Location: The cenotaph (monument) namely Humayun Tomb representing the riches of India’s heritage is located in Nizamuddin East, Delhi beside Purana- Qila (Dina-panah citadel). It is a mausoleum (garden-tomb) built for settling the bodies of demised iconic historic figures in rest with peace and calm.

Adjacent historical monuments: Purana-Qila, Nizamuddin Dargah, Chilla Nizamuddin Auliya (the residence of sufi saint Nizamuddin)

Adjoining River: Yamuna

Founded by: Bega Begum (Haji Begum)

Architect: Mirak Mirza Ghiyas (a Persian architect)

Revamped by: UNESCO as UNESCO World Heritage Site in 1993

Construction span: 1565-1572

Historical significance:

  • The site of this monument was selected by Bega Begum after nine years of Humayu’s death while giving priority to the closeness to Nizamuddin Dargah (the mausoleum of Nnizamuddin Auliya) in 1565 that was furnished in 1572. Overall expenditure incurred on its construction is assumed to be 1.3 million rupees at that time. This was the only way for Bega Begum to express grief of losing her husband ‘Humayun’ after her arrival from Mecca (Hajj pilgrimage).

  • During the reign of Slave Dynasty, this site came under the Kilokheri Fort (the capital of Sultan Kequbad who was the son of Nasiruddin).

  • This place was chosen to bury the Humayun in his palace. But later, the fear of getting the tomb demolished by Hindu King Hemu, who conquered Purana Qila by defeating Mughal forces in Agra & Delhi in October 1556, compelled its shifting to Sirhind in Punjab by Kahnjar Beg.

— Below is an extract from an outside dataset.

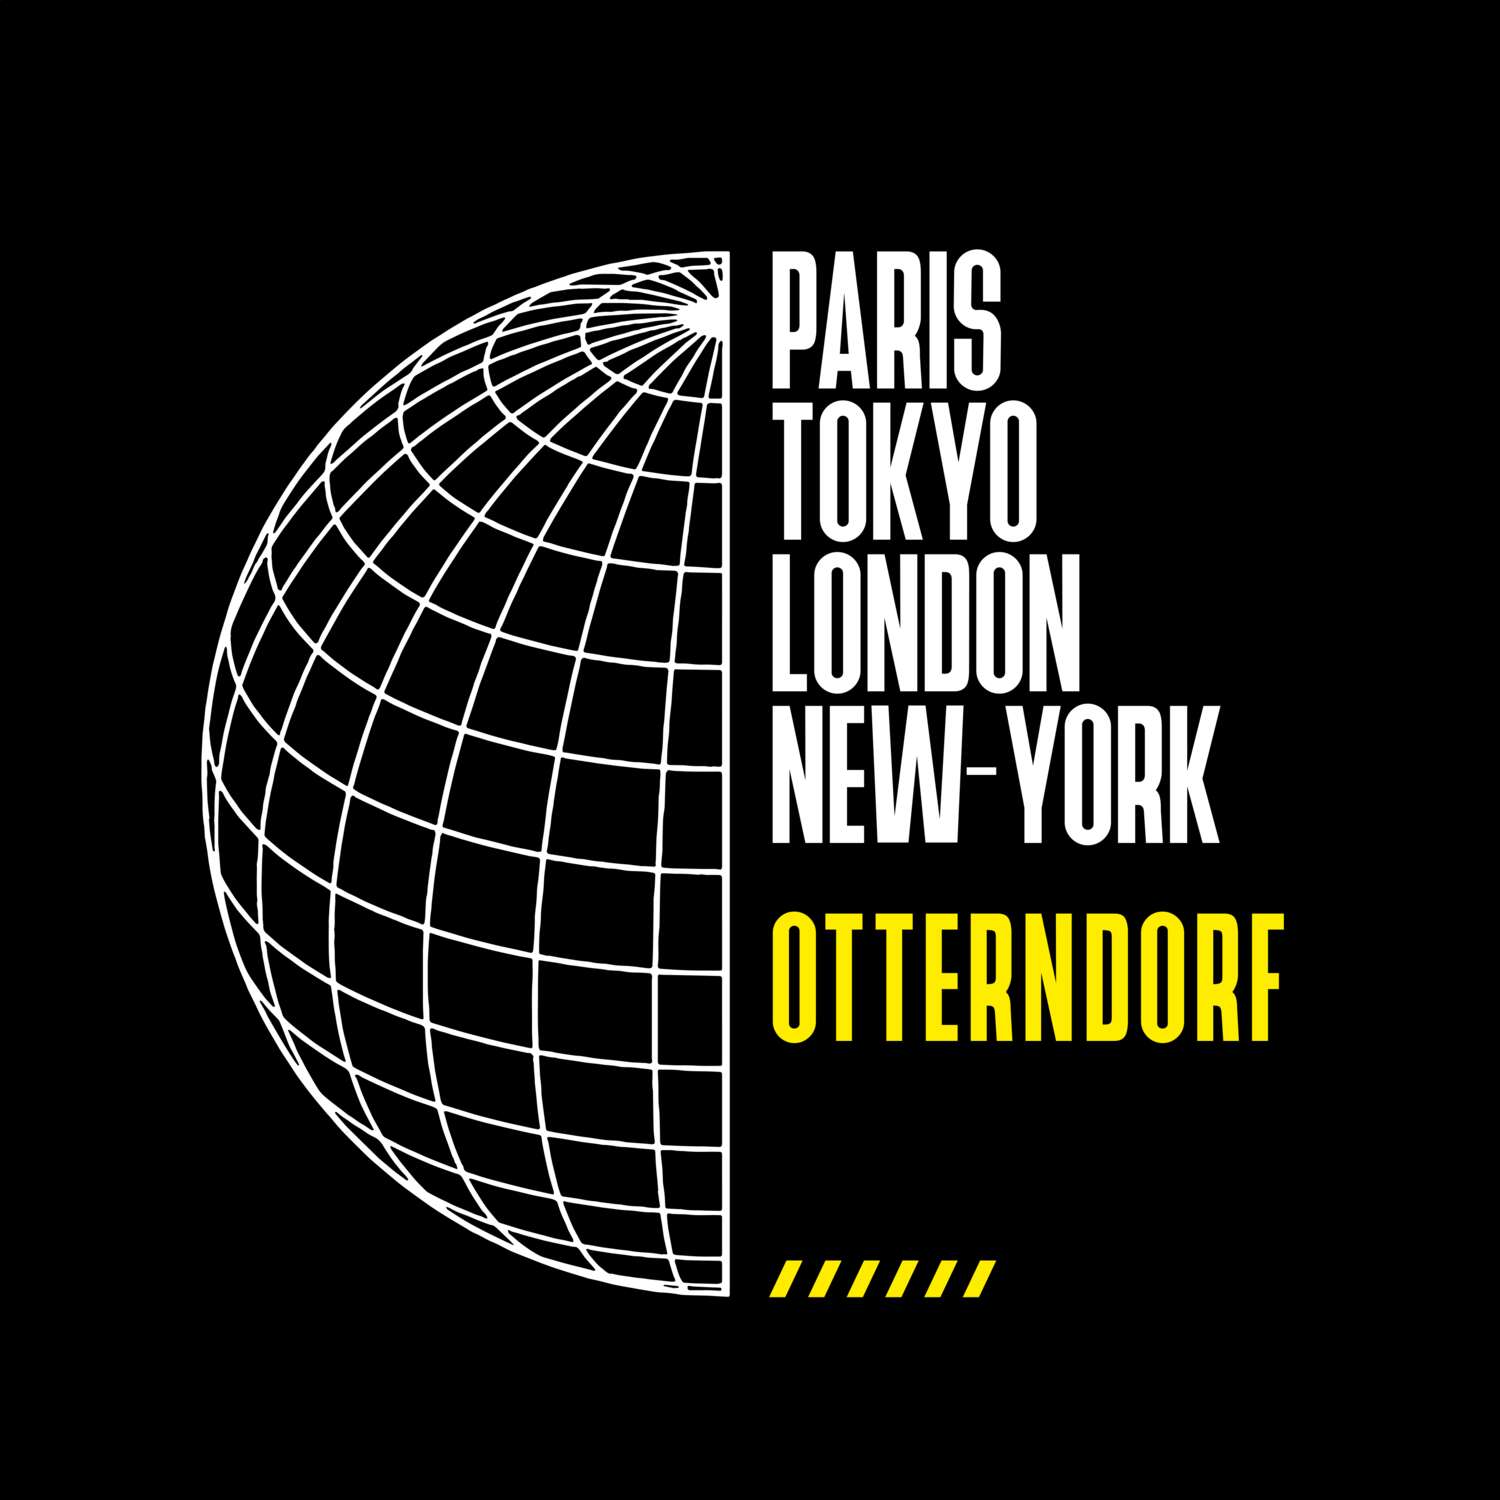 Otterndorf T-Shirt »Paris Tokyo London«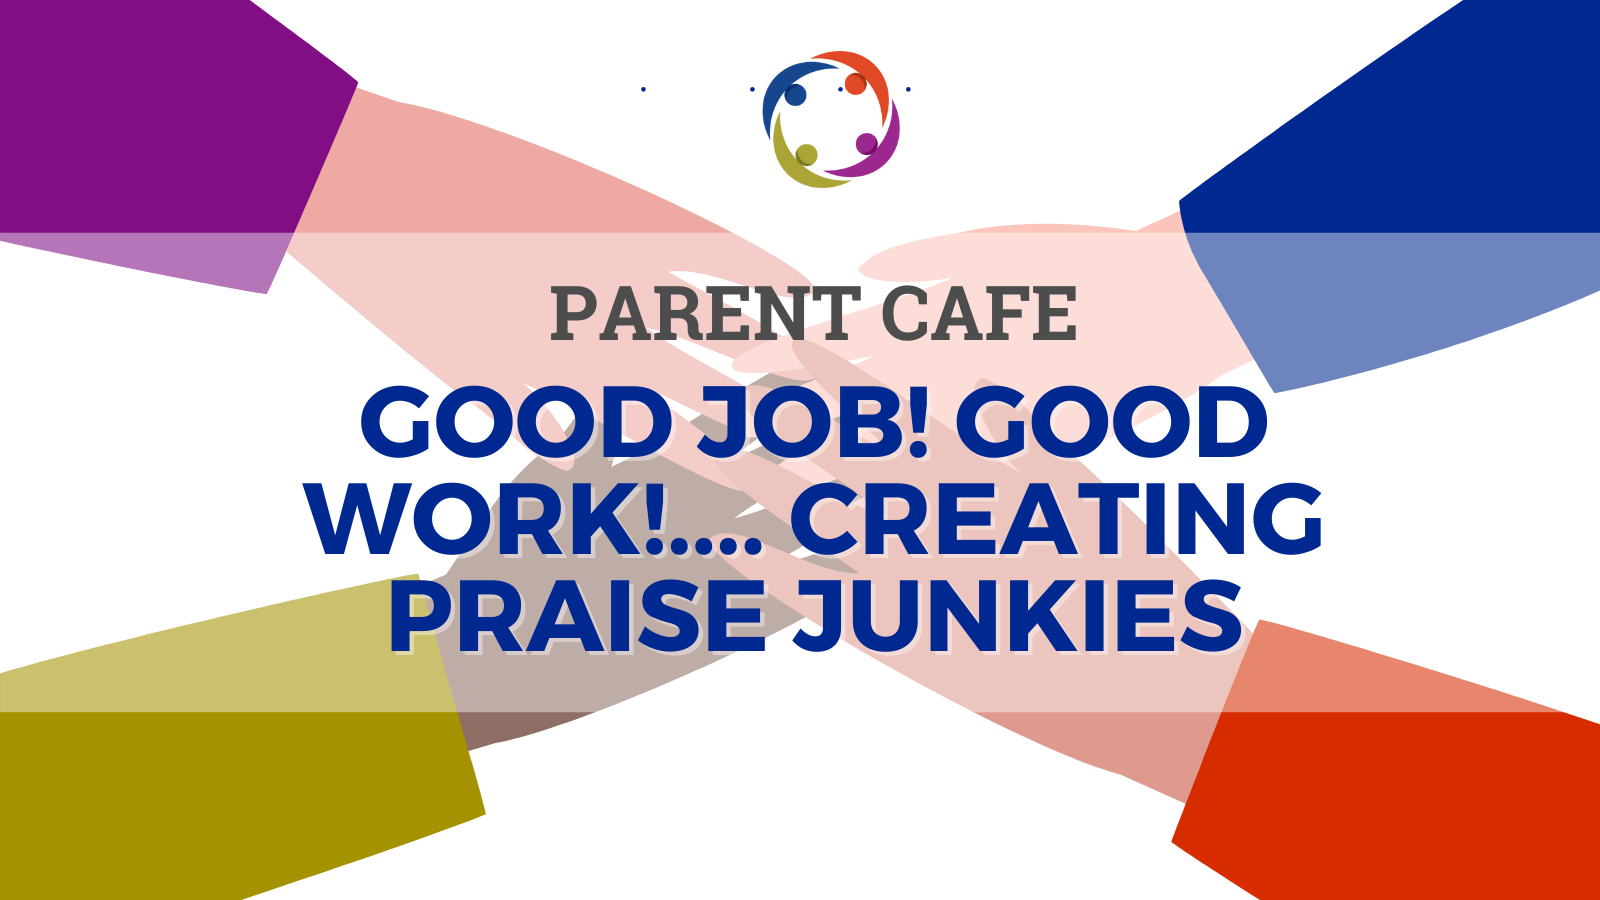 Good Job! Good Work!... Creating Praise Junkies

  • This world heritage site became the ‘place of refuge’ for the Muslims during India-Pakistan Partition in 1947 for five years.

 

Structure:

  • Architectural style: Blend of Mughal, Turkic architecture and Persian style famous in 12th century was adopted by the architect.

  • Pillars, beams and lintels: These are built in arcuate style of architecture having lots of beams and arches in the structure.

  • Corbel brackets, Balconies, chhatris (kiosks): These parts of the legendary monument were adopted from Rajasthani architecture.

  • Gateways: The two double storeyed gateways on west and south part of it are 16 m high encompassing rooms and small courtyards on the upper floors.

  • Graves:  It forms a tomb complex dedicated to Isa Khan Niyazi (an afghan noble), Shah Jahan, Dara Shikoh (great great grandson of Humayun & son of Shah Jahan), Hamida Begum, Farrukhsiyar, Rafi-ul Darjat, Rafi Ul Daulat , Bu Halima’s Tomb  & Alamgir II. The height of tomb is 47 m & width is 300 feet. The dome of it is double decked resembling high neck drum that measures 42.5 m and is 6 m high.

  • Materials used for constructing tombs & mosques: Red sandstone, rubble and white marble were used to give this monument a splendid face while sculpting lattice screens, door frames, eaves (chhajja) & main dome.

  • Height of the terrace: Square terrace is 8 metre in height built in the dimension of 12,000 m2 .

  • Plinth: It is made of rubble core having 56 cells where 100 gravestones are housed.

  • Char Bagh: The design of this garden is modeled on Persian style symbolizing clear departure from the then prevalent mausoleum (graveyard) covering 13 hectares surrounding the monument.

Nai Ka Gumbad (Babar’s tomb): It is located towards the south-east corner within char bagh where the grave of Babar was constructed.